(Supplied data)

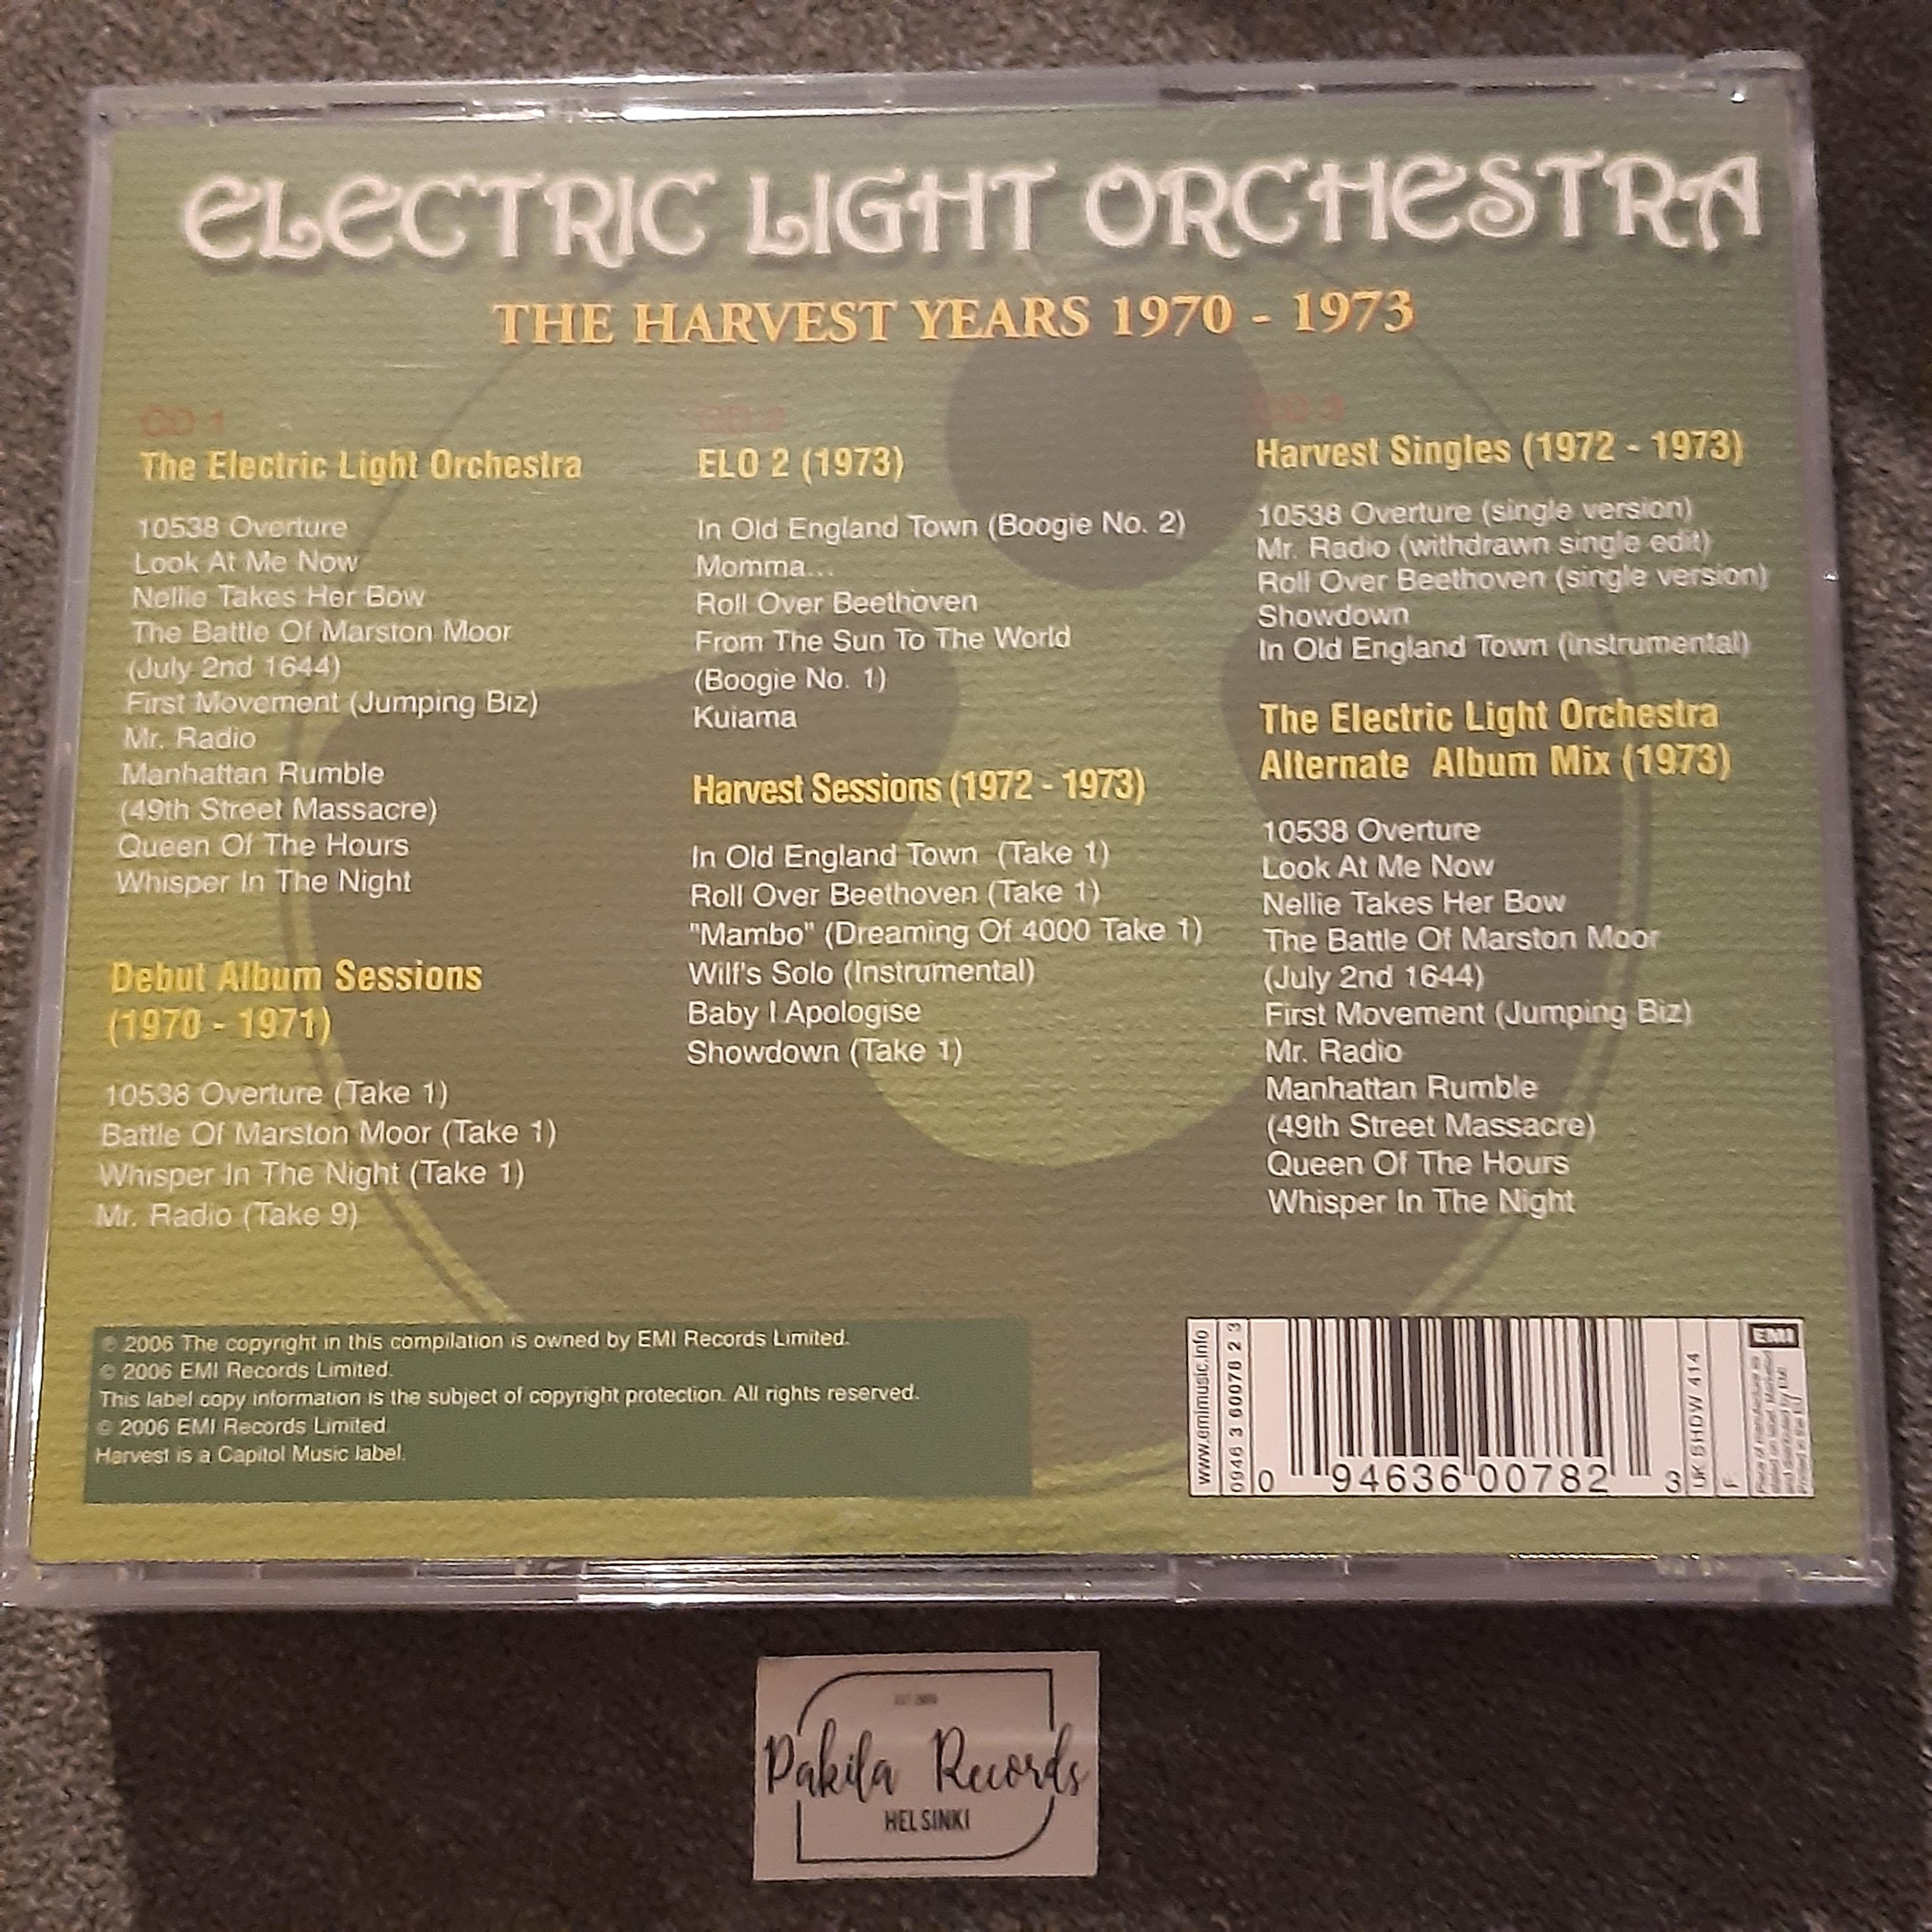 Electric Light Orchestra - The Harvest Years 1970-1973 - 3 CD (käytetty)
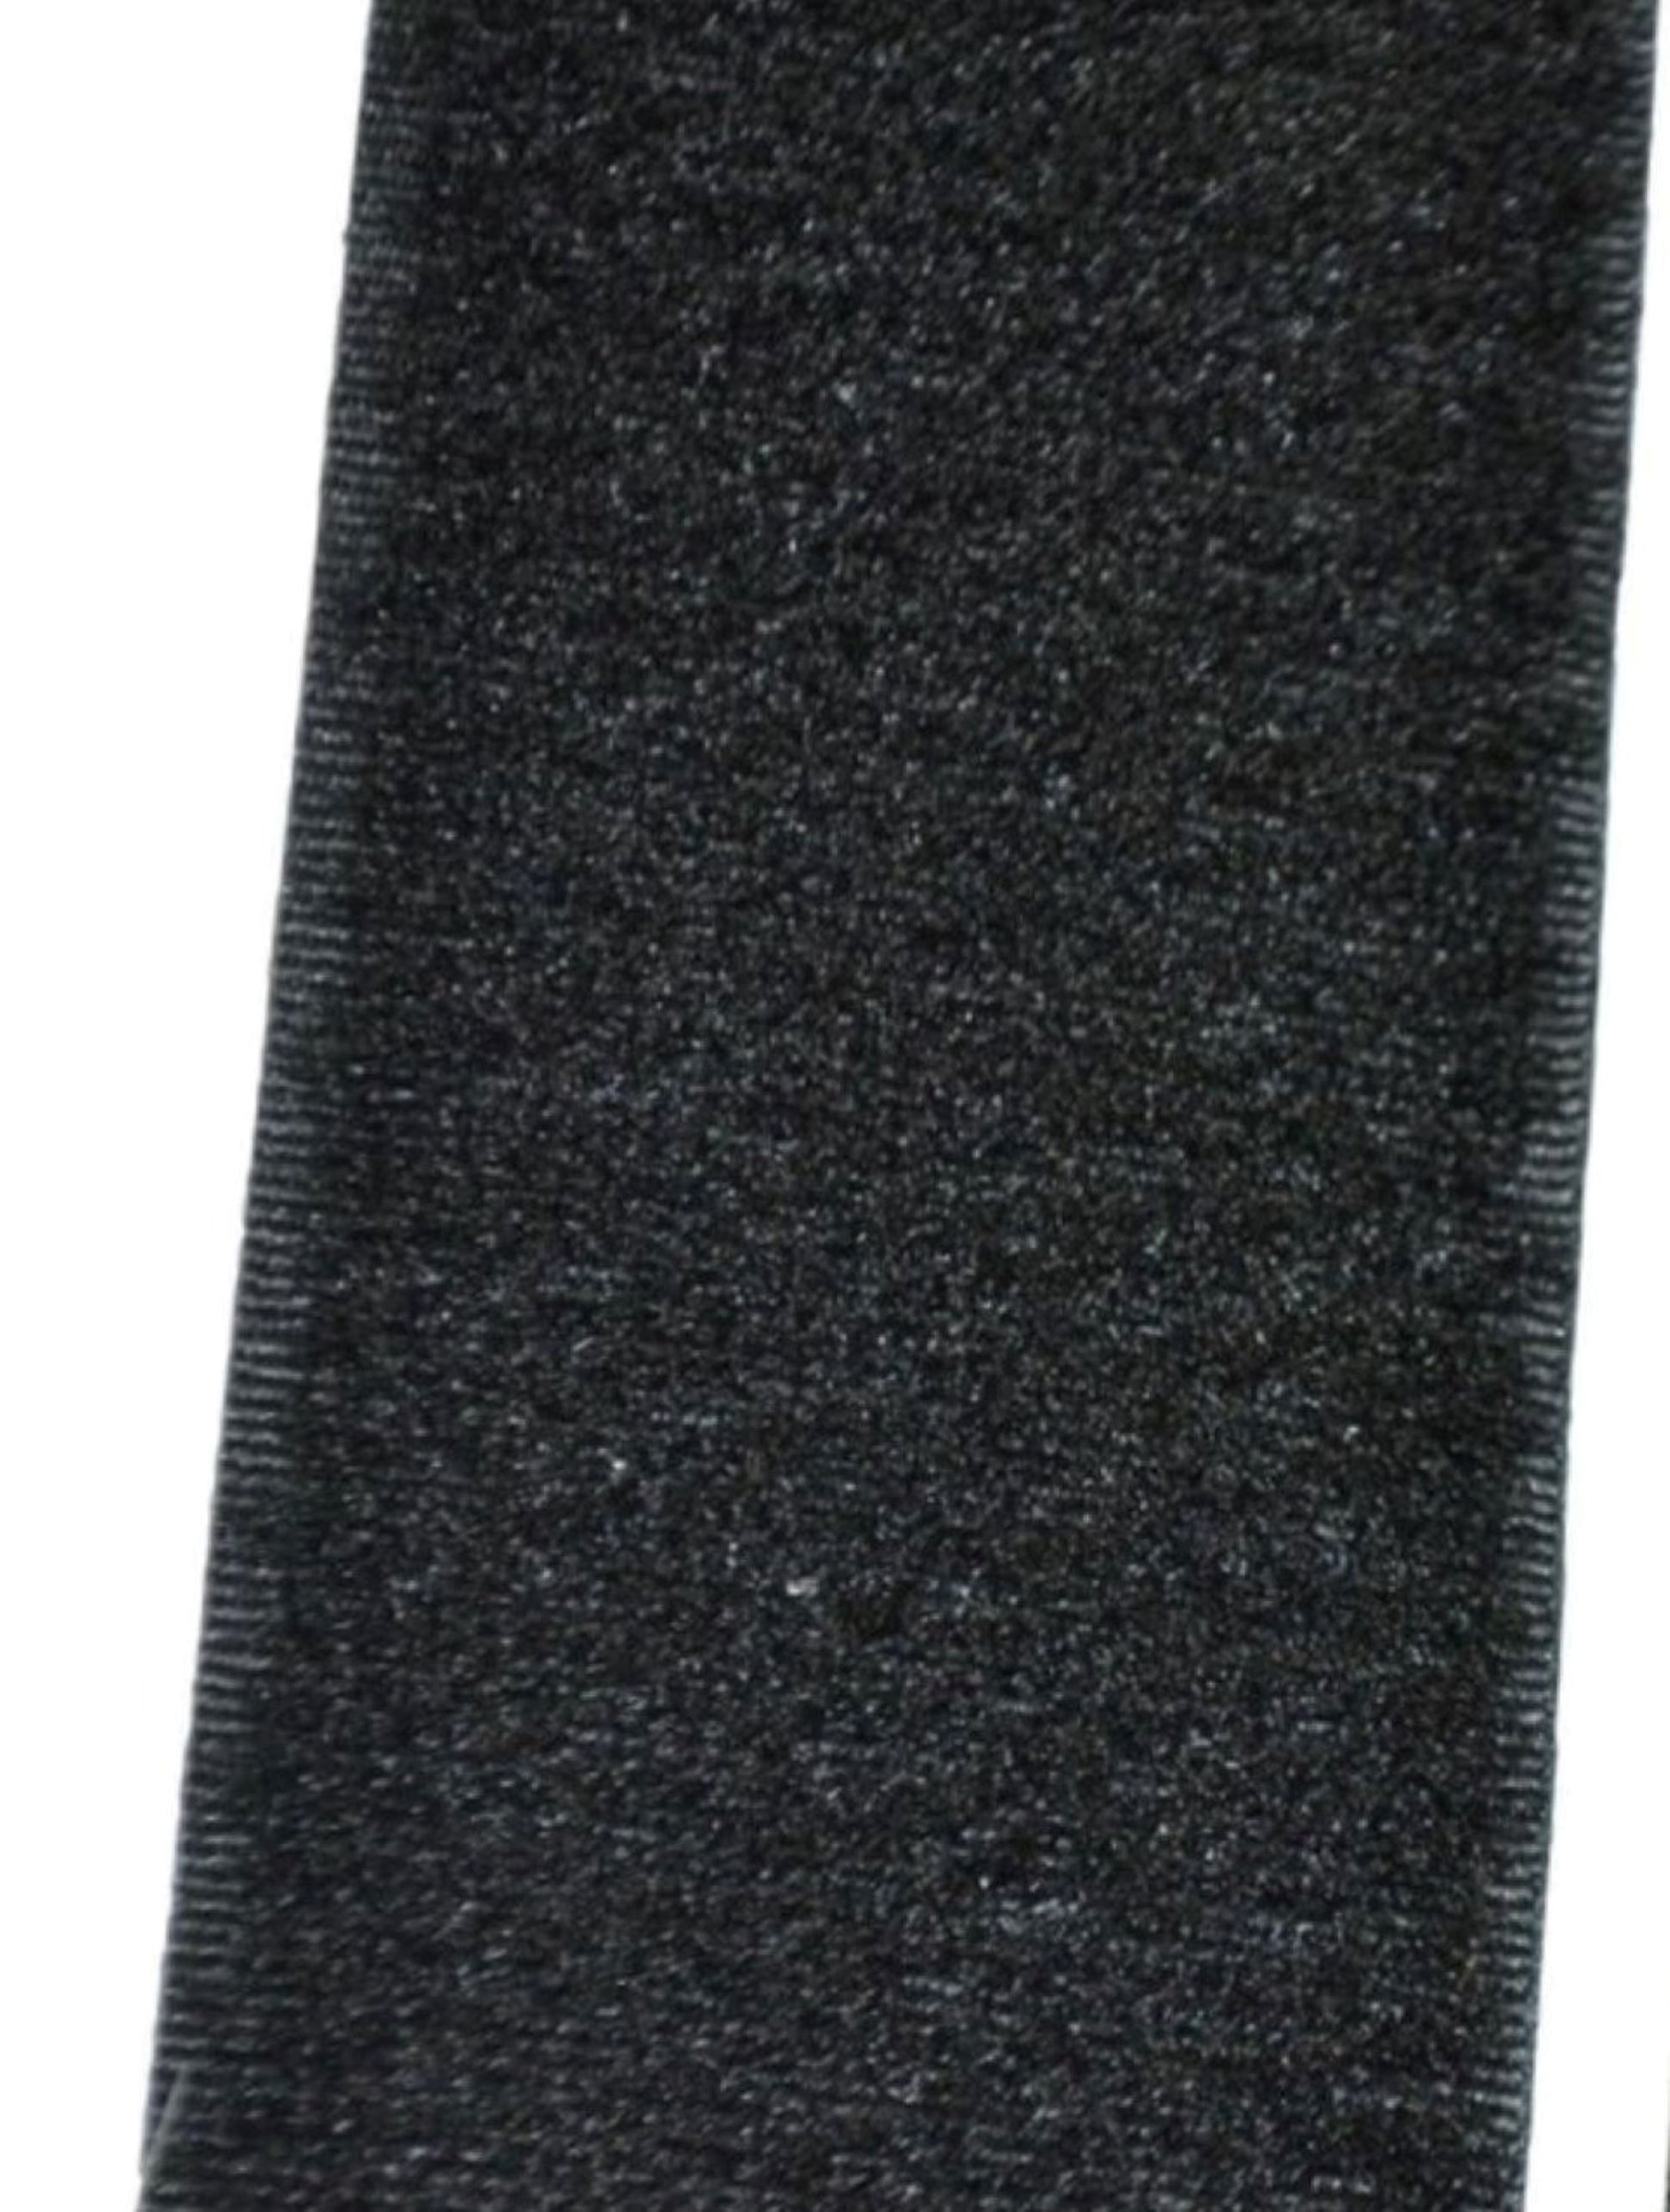 2 Inch Velcro Roll for upholstery projects on sale adhesive-backed loop  only - Black – Sobie Fabrics
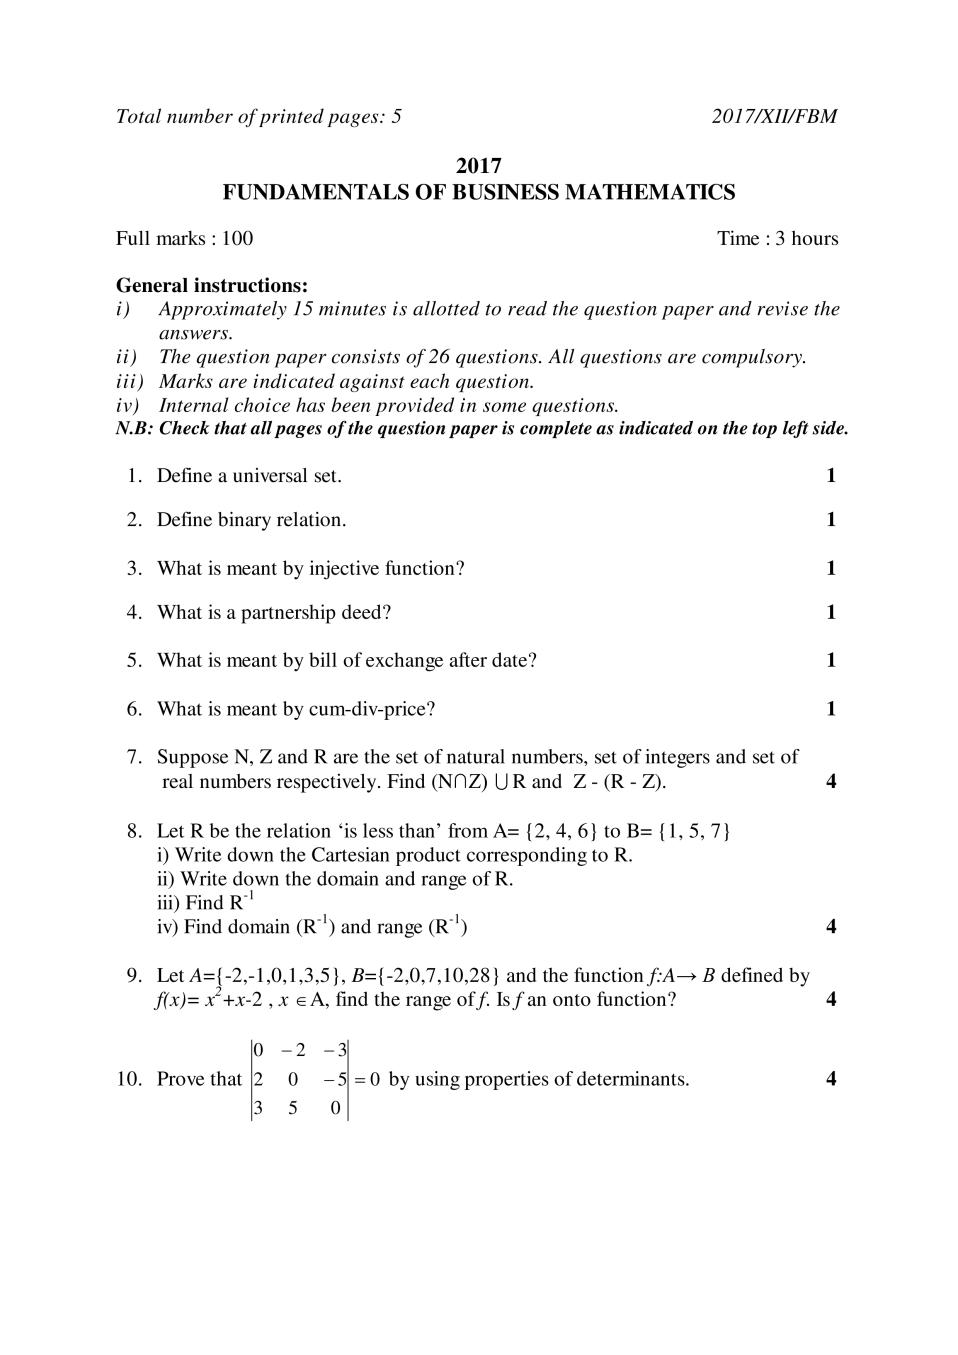 NBSE Class 12 Question Paper 2017 for Fund.of Business Maths - Page 1

(End Supplied data)

Task brief: Any picture in the listing above gets left out; output the rest exactly.

Exercise response:
 Electric Light Orchestra - The Harvest Years 1970-1973 - 3 CD (käytetty)
 2 Inch Velcro Roll for upholstery projects on sale adhesive-backed loop  only - Black – Sobie Fabrics
 NBSE Class 12 Question Paper 2017 for Fund.of Business Maths - Page 1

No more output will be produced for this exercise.